Since this discussion originally began with the question, “when are averages useless?” it is appropriate to note that, in contrast to the much better-known average, the “q% tail length” considered here is well-defined for any proper distribution.   As the examples discussed here demonstrate, this characterization also provides a useful basis for quantifying the “Long Tail” behavior that is of increasing interest in business applications like Internet marketing.  Thus, if we adopt this measure for any q value less than 100%, the answer to the title question of this post is, “No: The Long Tail is a useful concept.”
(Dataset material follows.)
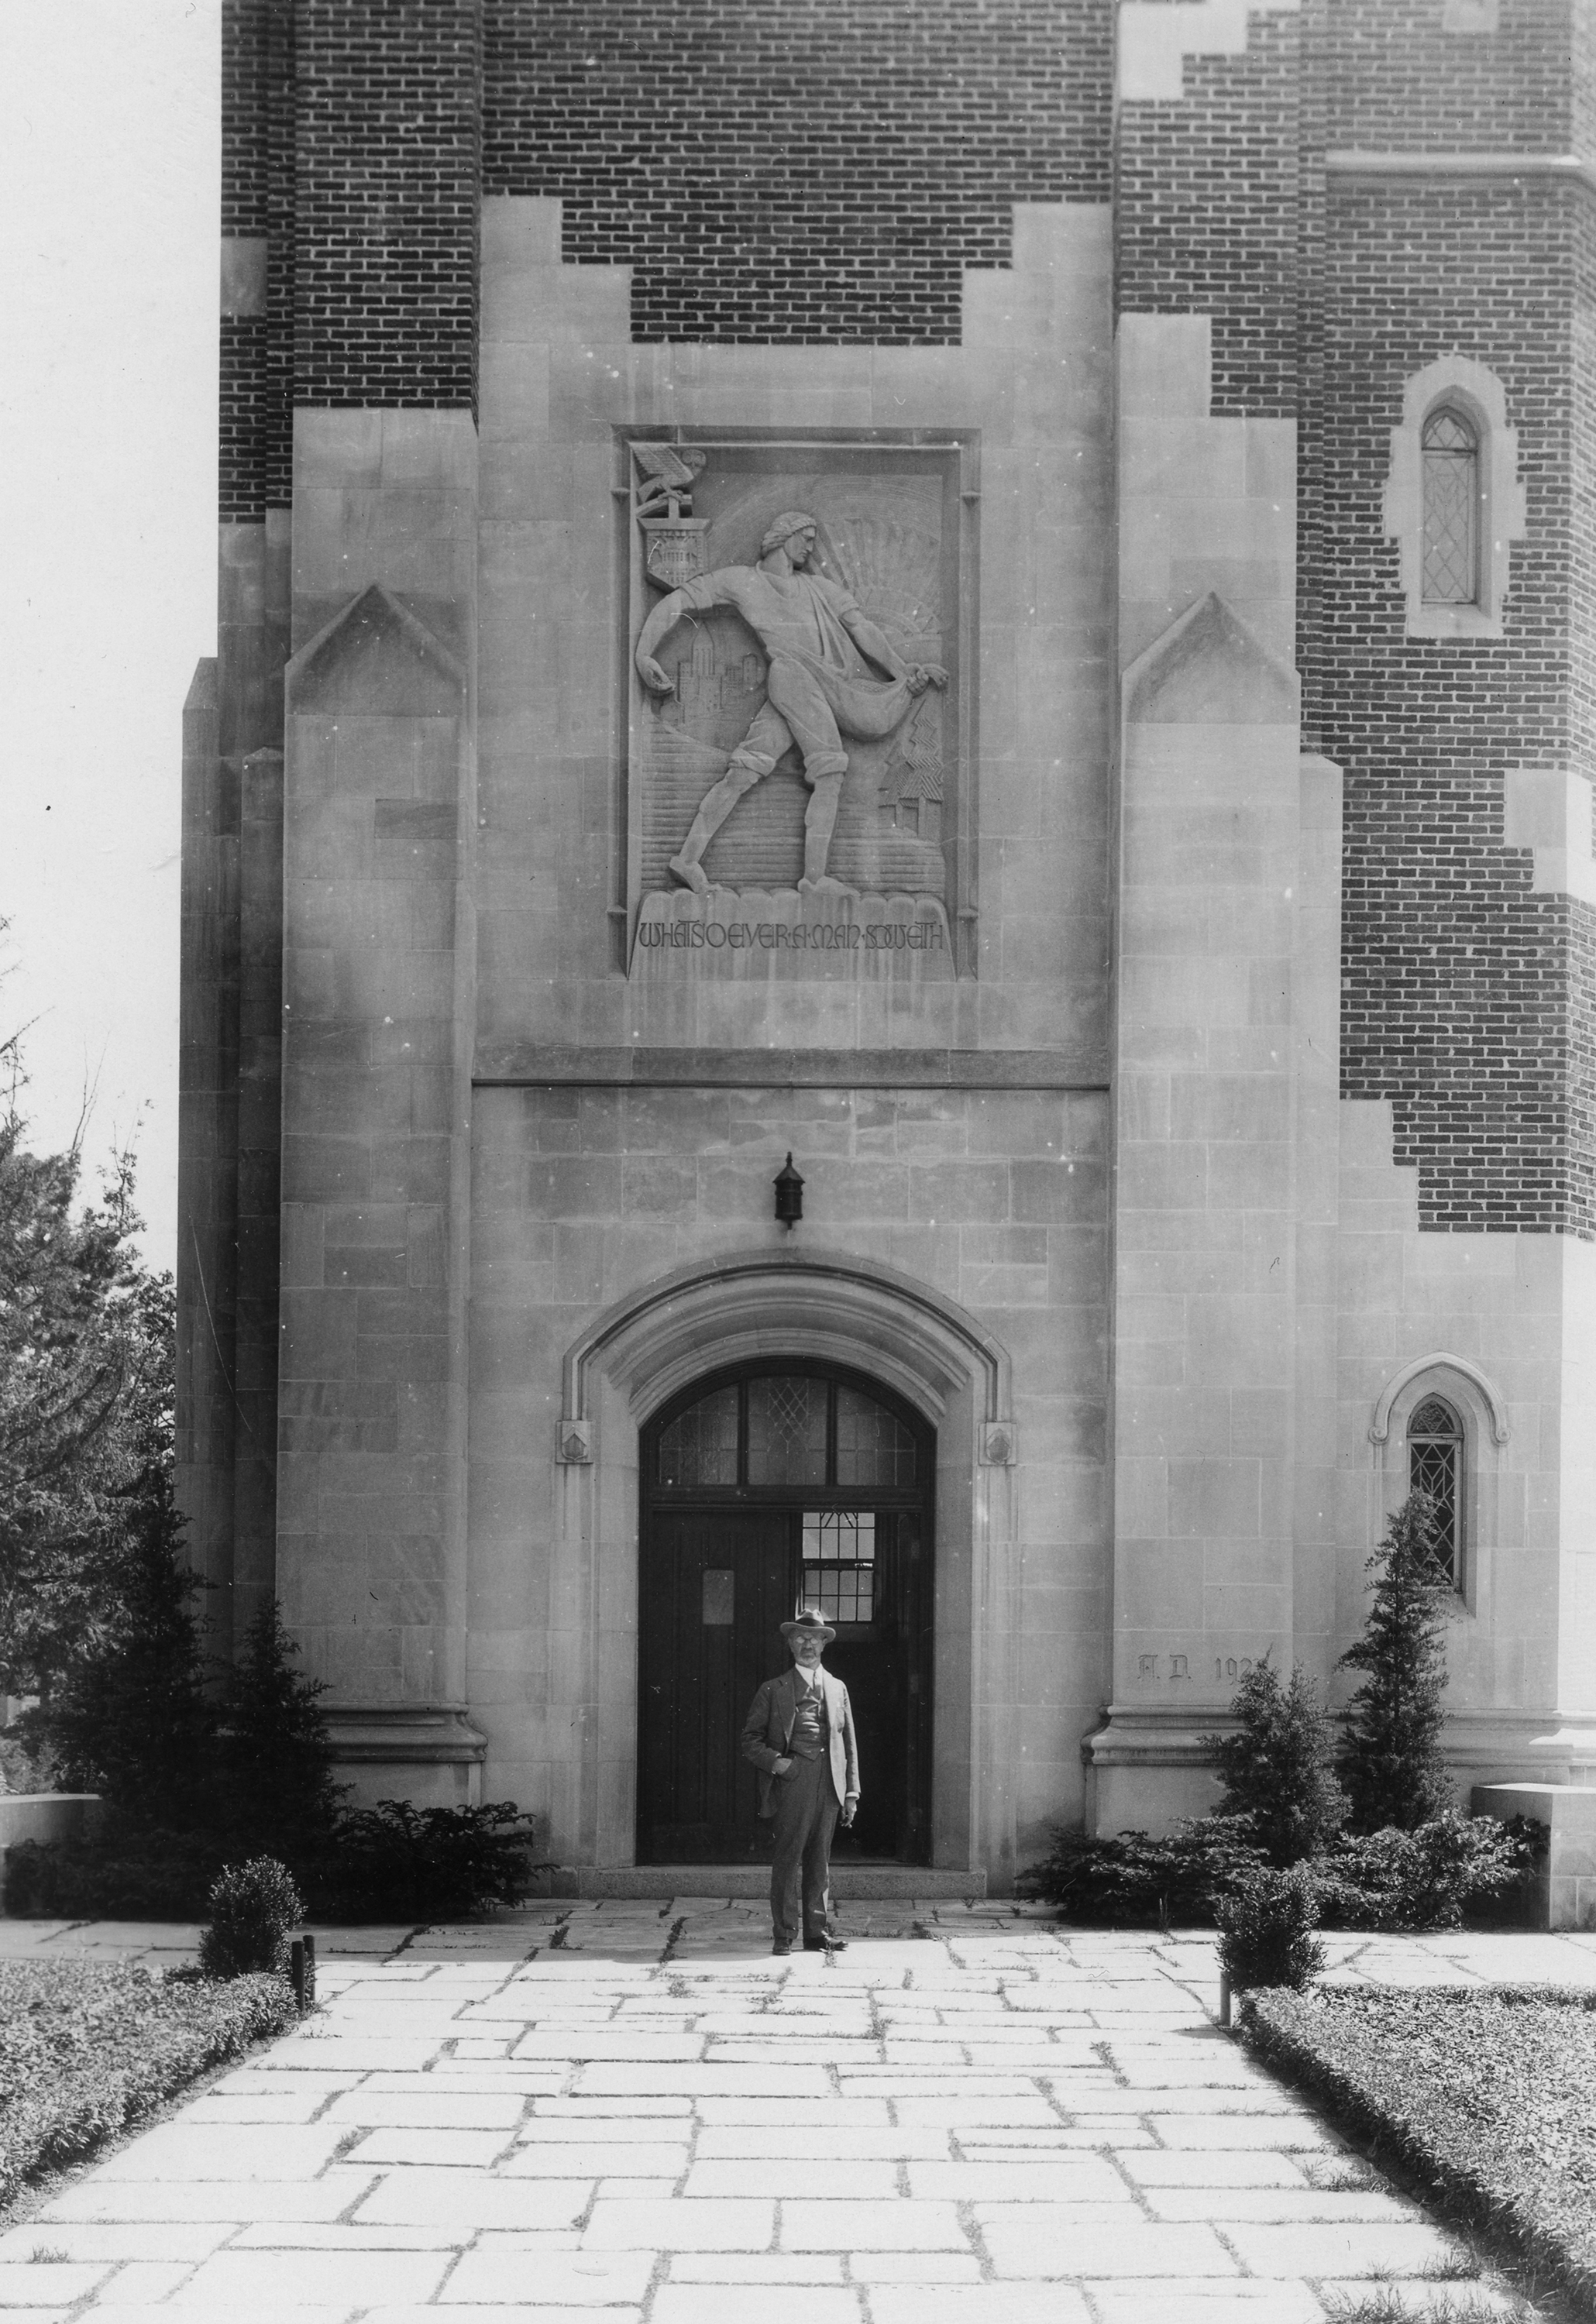 John Donaldson and Beaumont Tower, 1932
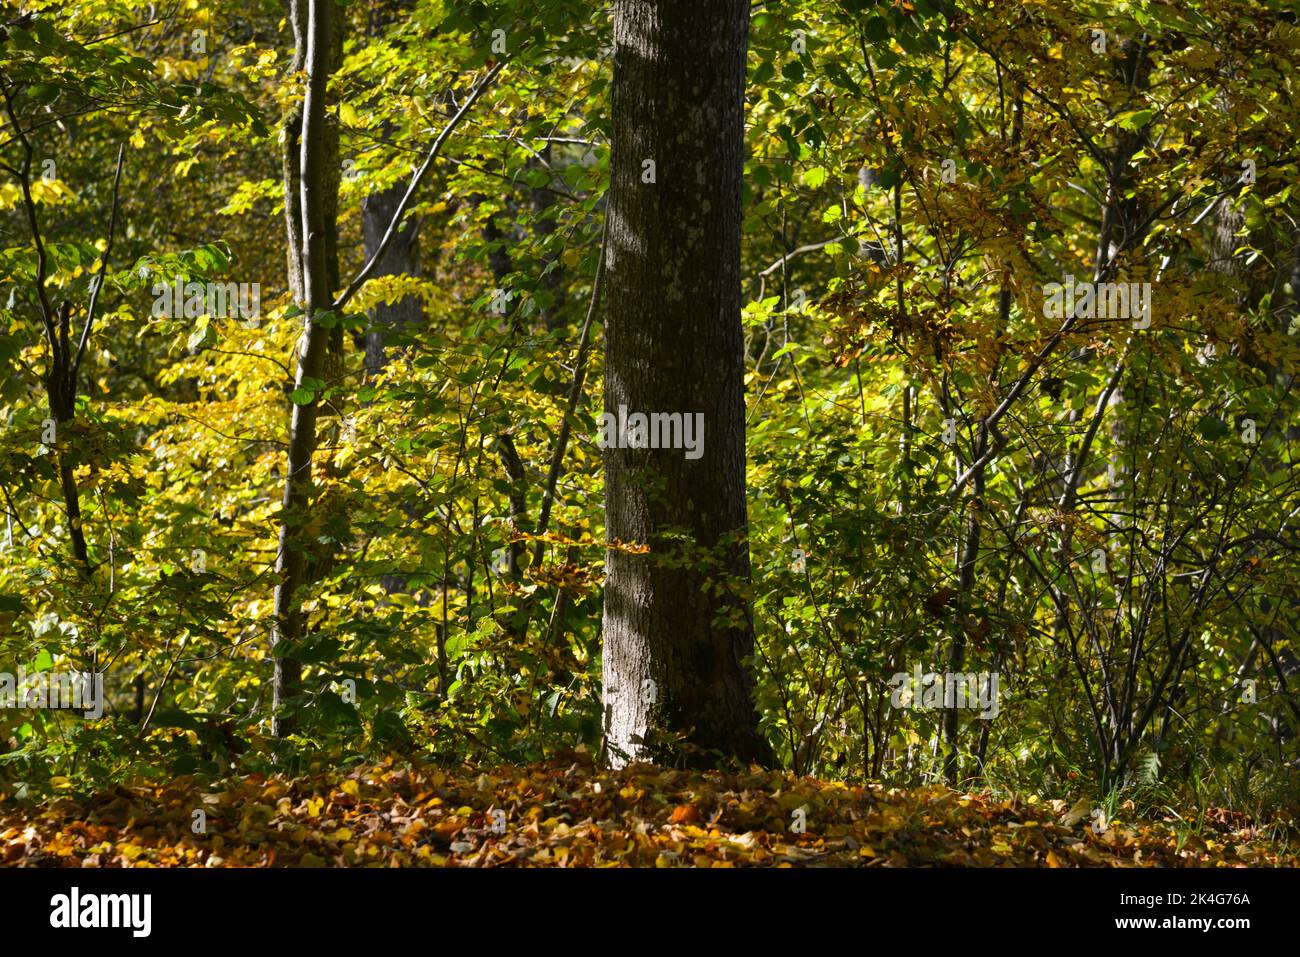 Tree trunk in colorful forest in autumn. colorful leaves of trees piled up on the ground. Stock Photo

The downside of this minor change is that – as the results shown here illustrate – the results obtained using the q% tail length depend on the value of q we choose.  In my next post, I will explore the computational issues associated with that choice.

#### 1 comment:

1. No actual data has any of the theoretical distributions as its most accurate model, although some of them can be highly useful. The problems with tails are threefold. First, because these have rarer occurrence probabilities, the chances of having substantial data there are lower, and so there is less evidence for ANY kind of behavior, whether consistent with the model or not. Second, even in huge datasets, tail quantiles tend to reflect the influence of smaller forces or trends affecting the entire population more strongly, and so exhibit more atypical behavior than quantiles closer to the median. Finally, I think having a long tail is less a deal-breaker for even a theoretical than other aspects of the distribution. Consider the Gaussian, the Cauchy, and the Laplace distributions. How easy or hard is it to tell them apart? Sure, you can use a Q-Q plot, but there are many empirical distributions to which people apply analyses grounded upon the assumption of normality which if formally tested, are not consistent with normality. What if the model is Cauchy? Laplace?